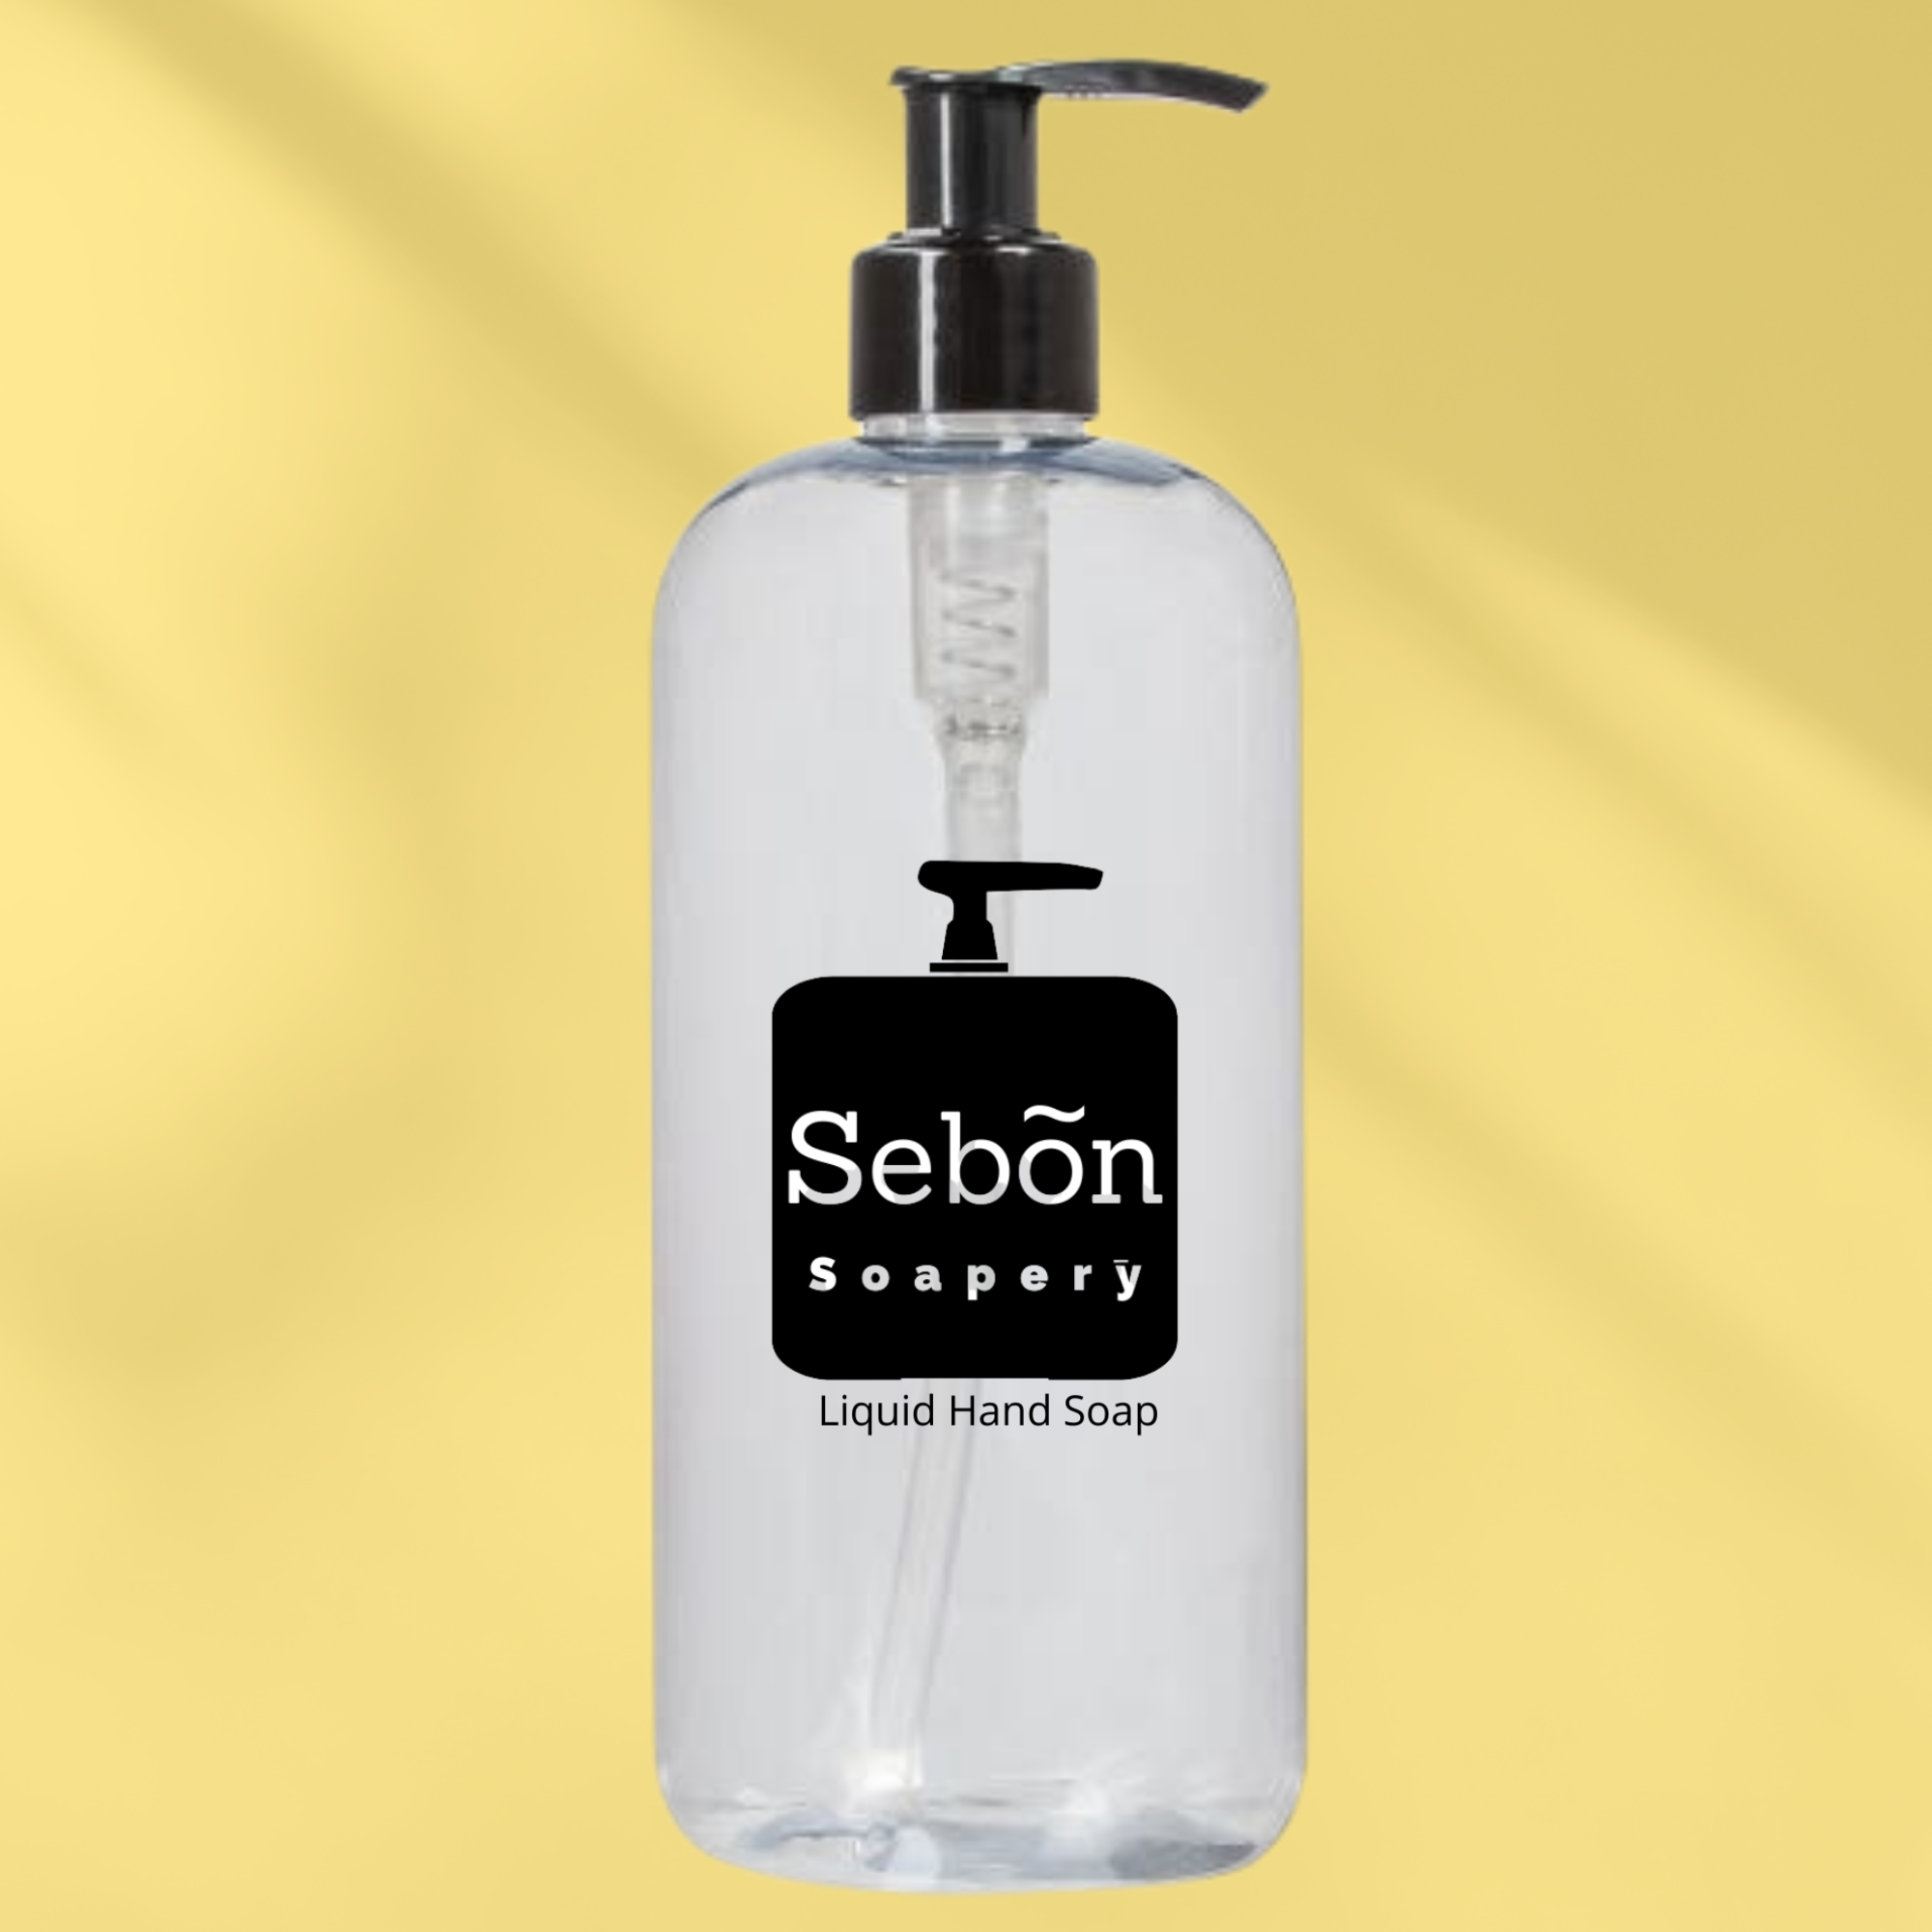 Sebon Buttered Popcorn Scented Liquid Hand Soap with Olive Oil
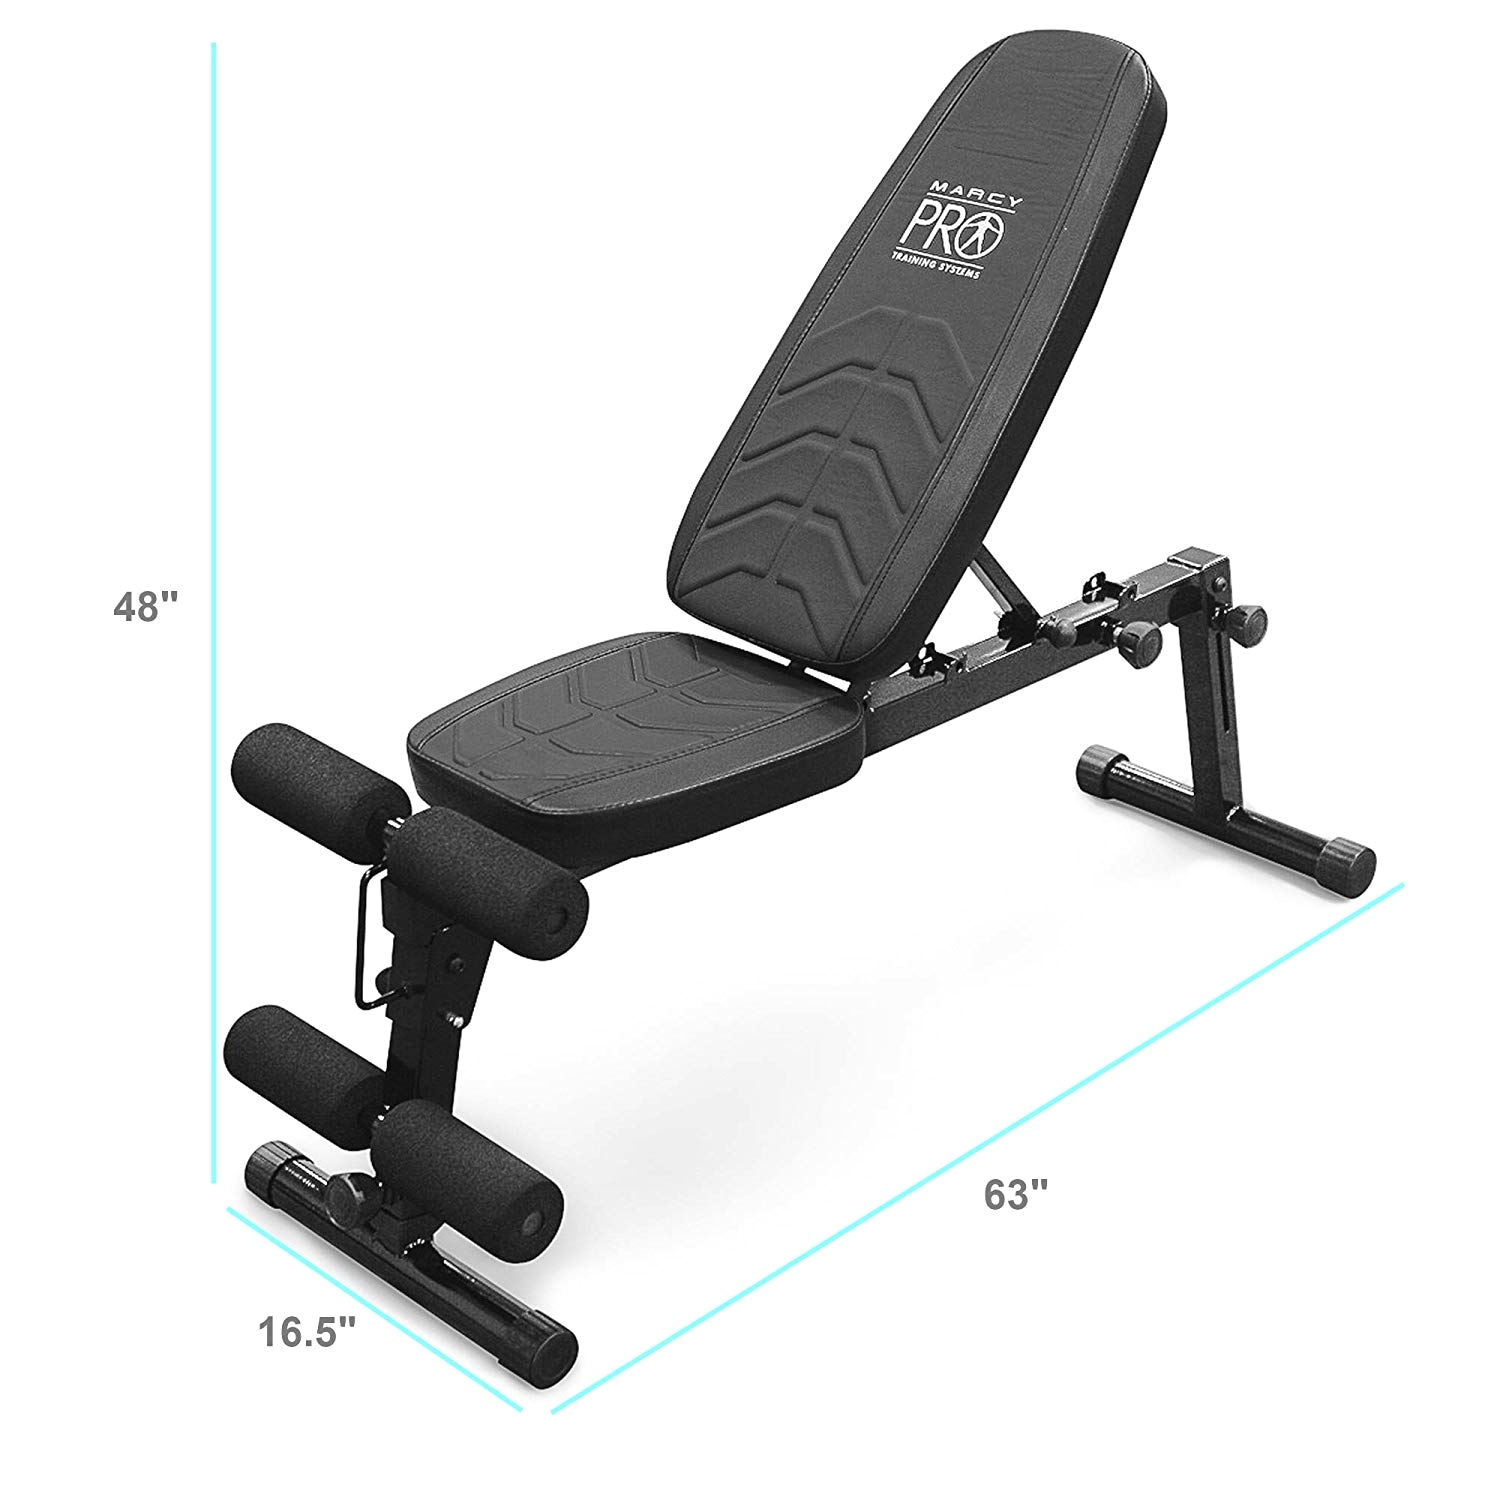 amazon com marcy pro adjustable exercise weightlifting workout utility weight bench with leg developer and foam roller pads pm 10110 sports outdoors
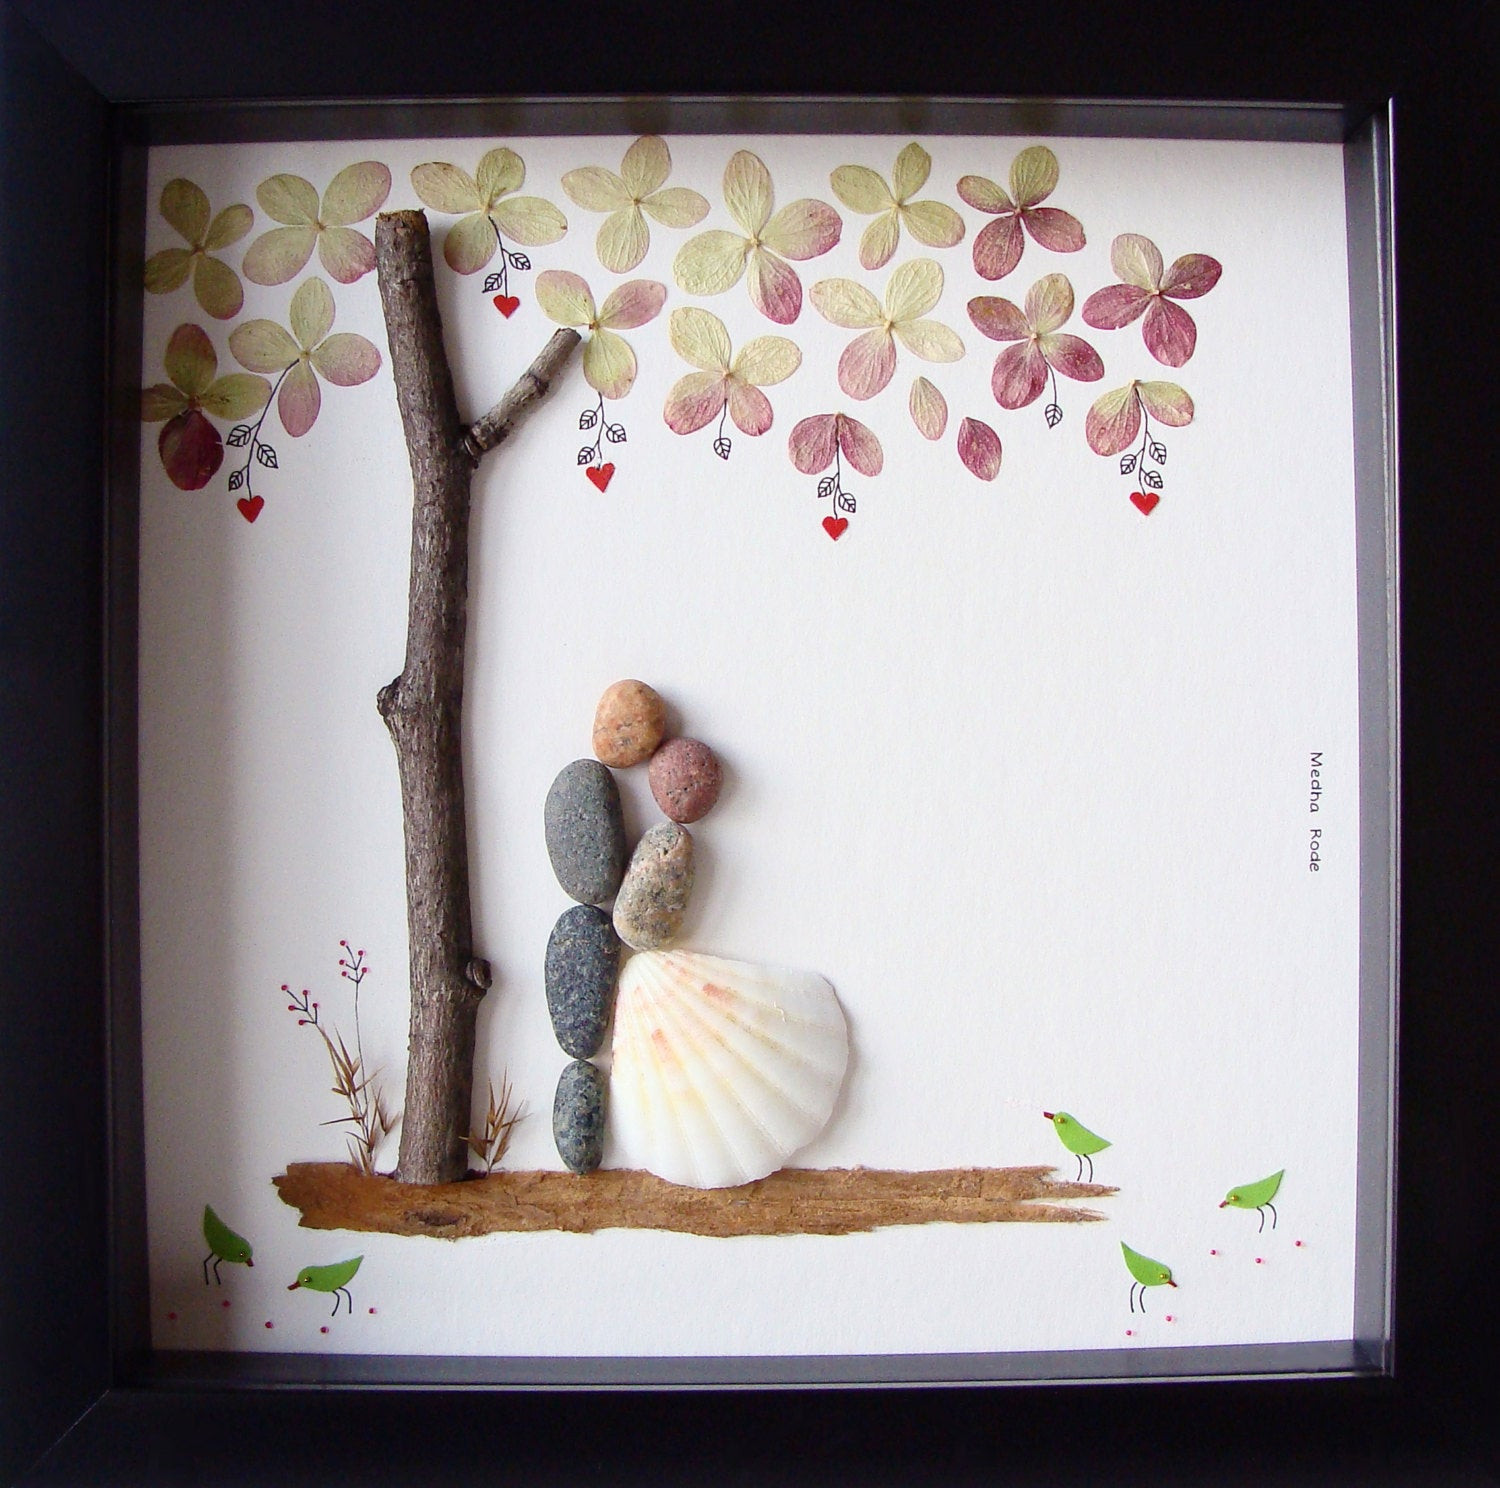 Gift Ideas For A Married Couple
 Unique Wedding Gift For Couple Wedding Pebble Art by MedhaRode
══════
▸ **WORK ORDER**
The expected output is the exact run of lines from the one containing "amazon com marcy" through the final line of the data above, both ends included, with no pictures.

▸ **WRITTEN REPLY**
 amazon com marcy pro adjustable exercise weightlifting workout utility weight bench with leg developer and foam roller pads pm 10110 sports outdoors
 Gift Ideas For A Married Couple
 Unique Wedding Gift For Couple Wedding Pebble Art by MedhaRode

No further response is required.